A: Top down view of mutant clones in 1cm² of normal esophagus from a 75-year old non-smoker mapped by DTS. Clones containing mutant genes under positive selection are represented by colored circles. From Martincorena I, Fowler JC, Wabik A, Lawson ARJ, Abascal F, Hall MWJ, et al. Somatic mutant clones colonize the human esophagus with age. Science (New York, NY) 2018;362(6417):911-7 doi 10.1126/science.aau3879. Reprinted with permission from AAAS B: Clonal competition in the mouse esophagus. A stem cell carrying a positively selected mutant (cyan) grows into a mutant clone due to a proliferative advantage conferred by the mutation. The clone expands laterally until it encounters neighboring clones of similar fitness (red and green), at which point the mutant cells revert to neutral competition and balanced production of stem and differentiated daughters (79). C: Elimination of intra-epithelial tumor by expanding clones. In a mouse model, highly competitive mutant clones (green and blue) in normal wild type epithelium (pink) have been shown to remove microscopic tumors (orange) from the esophagus as they expand by displacing them from the proliferating cell layer (magenta) (80). D: Mutant genes in normal esophagus and squamous cell carcinoma Percentage by area occupied by cells carrying mutant genes in the middle third of the esophagus (pink) compared with percentage of esophageal squamous cell carcinoma cells carrying mutations (blue). Mutations that appear in both normal esophagus and tumor cells are also indicated (purple). Font size indicates percentage (19,81).
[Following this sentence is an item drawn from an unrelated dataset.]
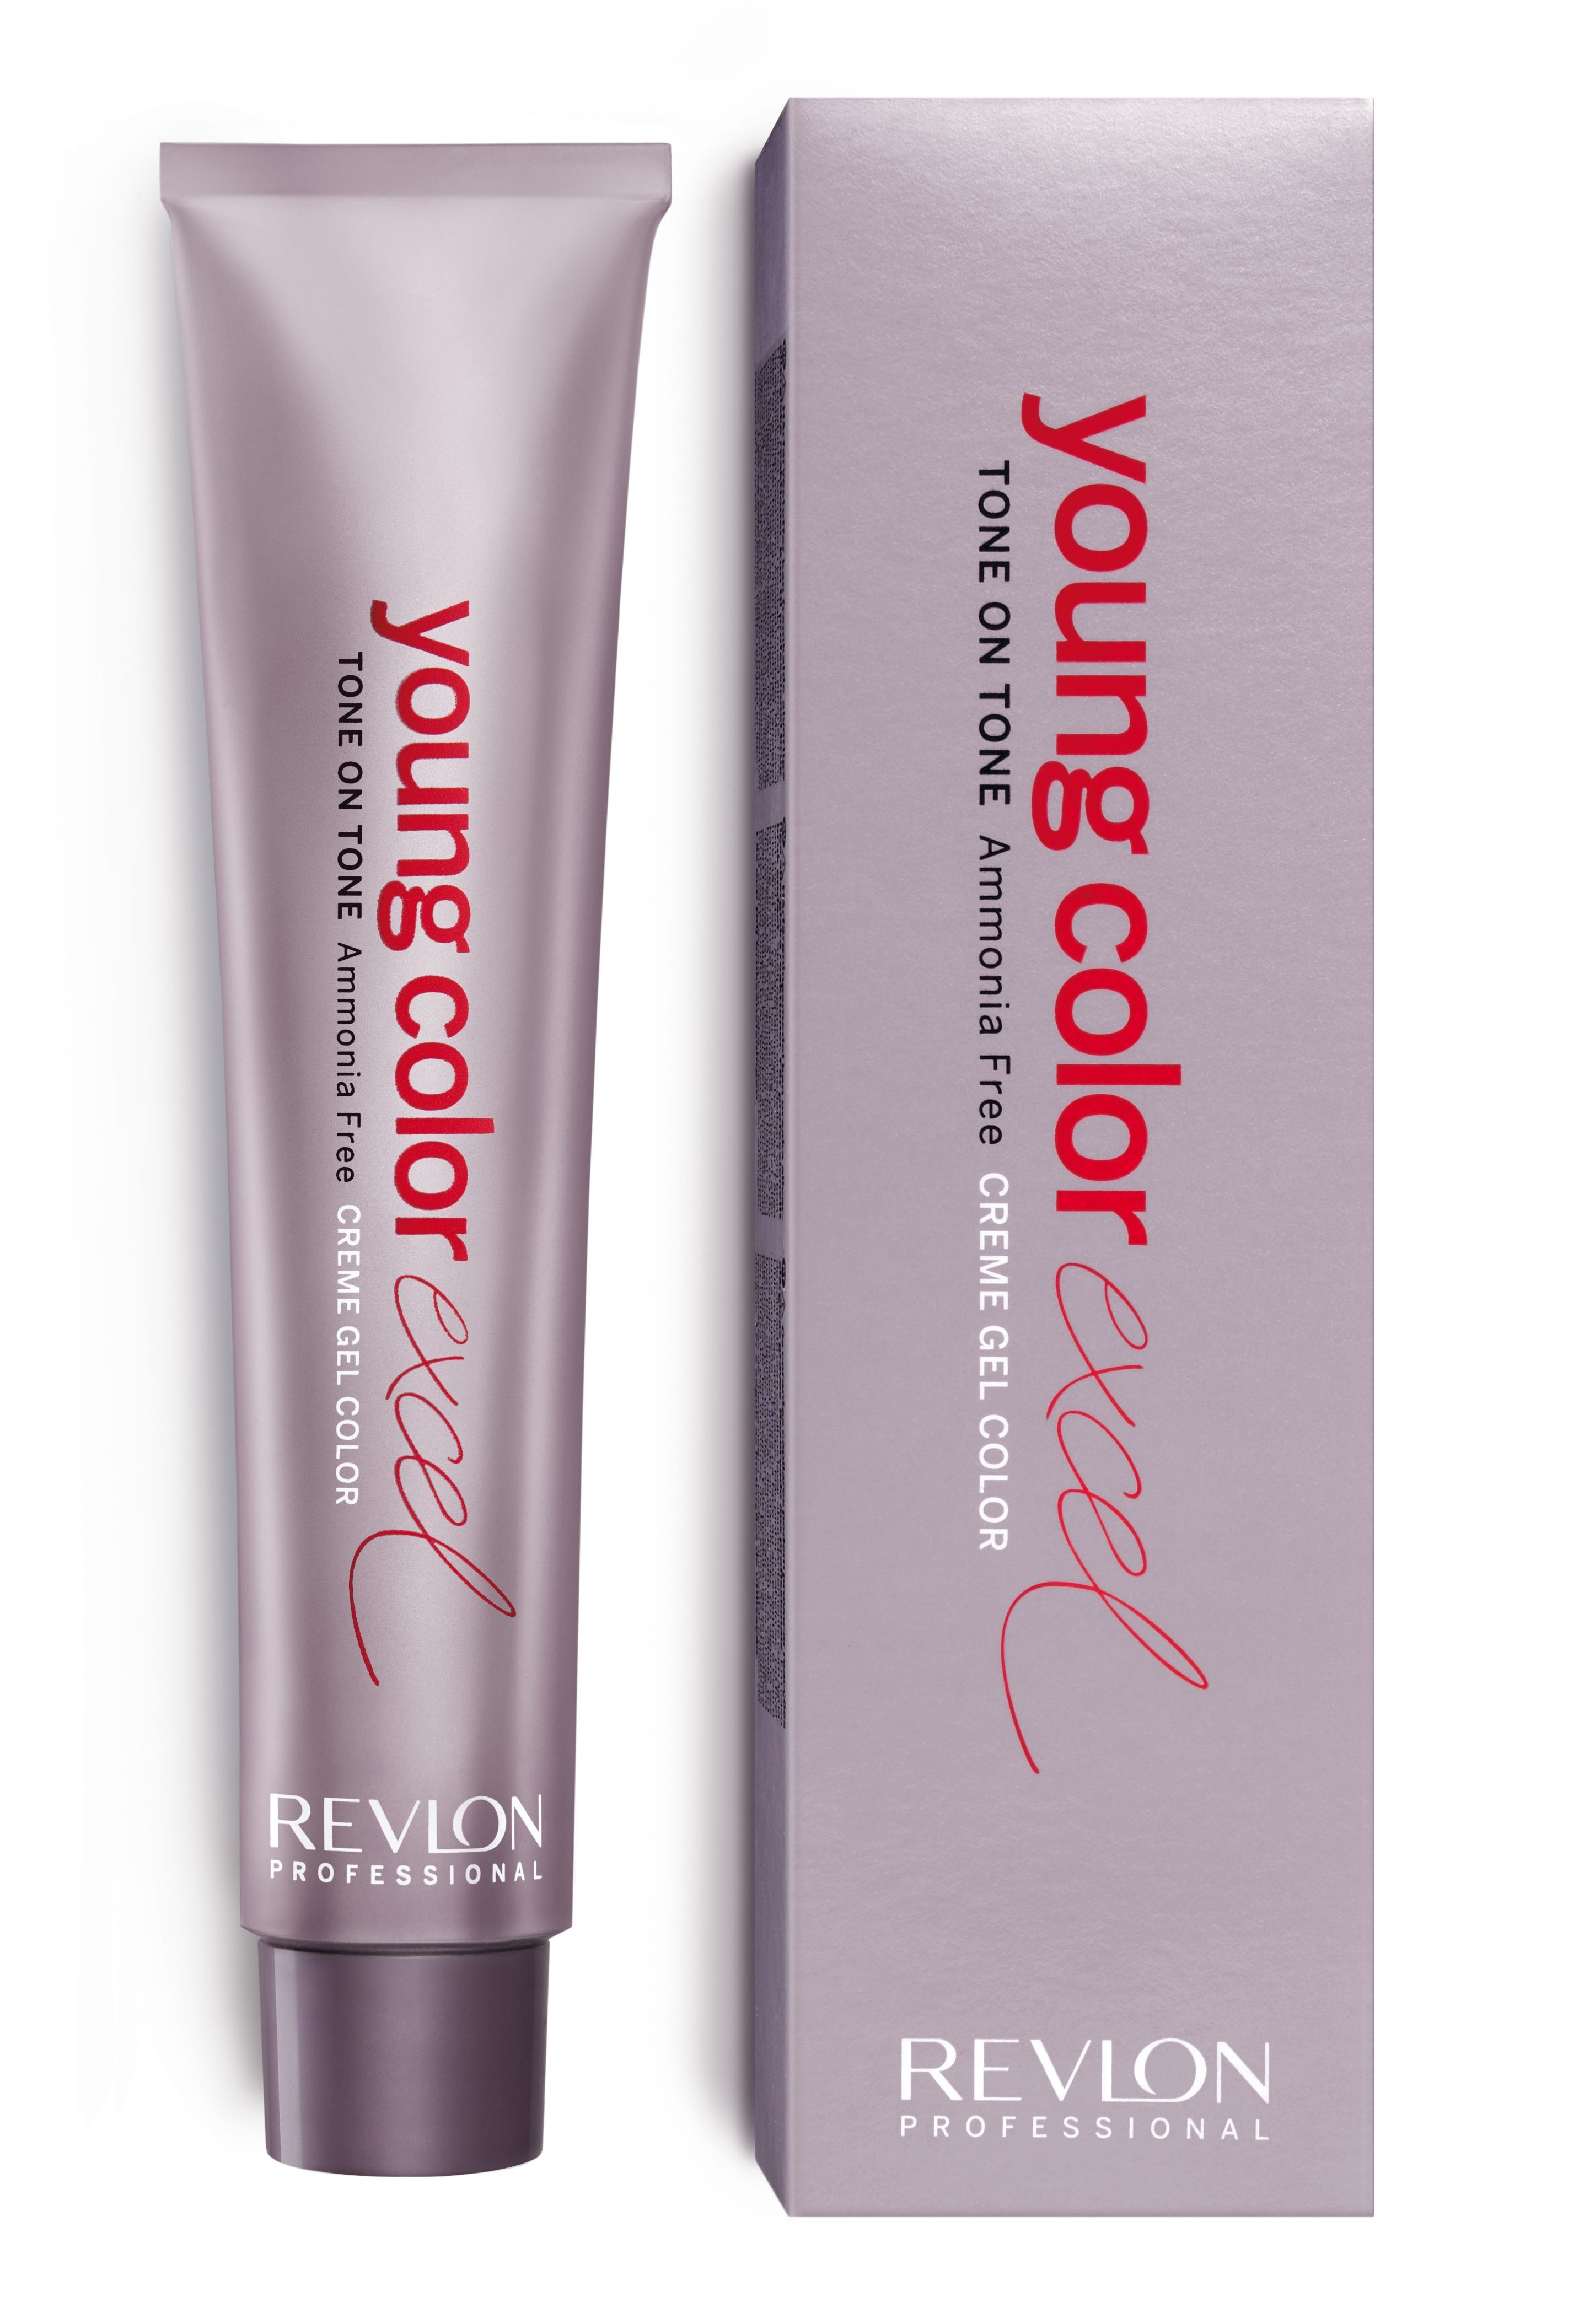 REVLON PROFESSIONAL 6-3 крем-гель полуперманентный, светлый золотисто-ореховый /COLOR EXCEL 70 мл фото

Figure 5. Bladder and Bronchus

A: Urothelium. Proliferation is very rare. The basal layer is thought to contain stem cells, but following injury, cells in the intermediate layer may be recruited into cycle. The upper layer of ‘umbrella’ cells is binucleate and post mitotic. B: Mutant genes in normal urothelium and bladder cancer. Proportion by area occupied by cells carrying mutant genes in normal urothelium (pink) compared with percentage of bladder cancer cells carrying mutations (blue). Mutations that appear in both normal urothelium and tumor cells are also indicated (purple). Font size indicates percentage. C: Analysis of mutant cells in bronchial epithelium. Single cells from a small area were sampled via a brush biopsy, cultured, and WGS of single colonies performed. Bar chart depicts mutational burden, with colors showing age-correlated mutational signatures (blue) and tobacco-linked signatures (red), in subjects who have never smoked, ex-smokers, and current smokers. The data implies that the epithelium in ex-smokers becomes colonized by lightly mutated cells protected from the effects of smoke exposure.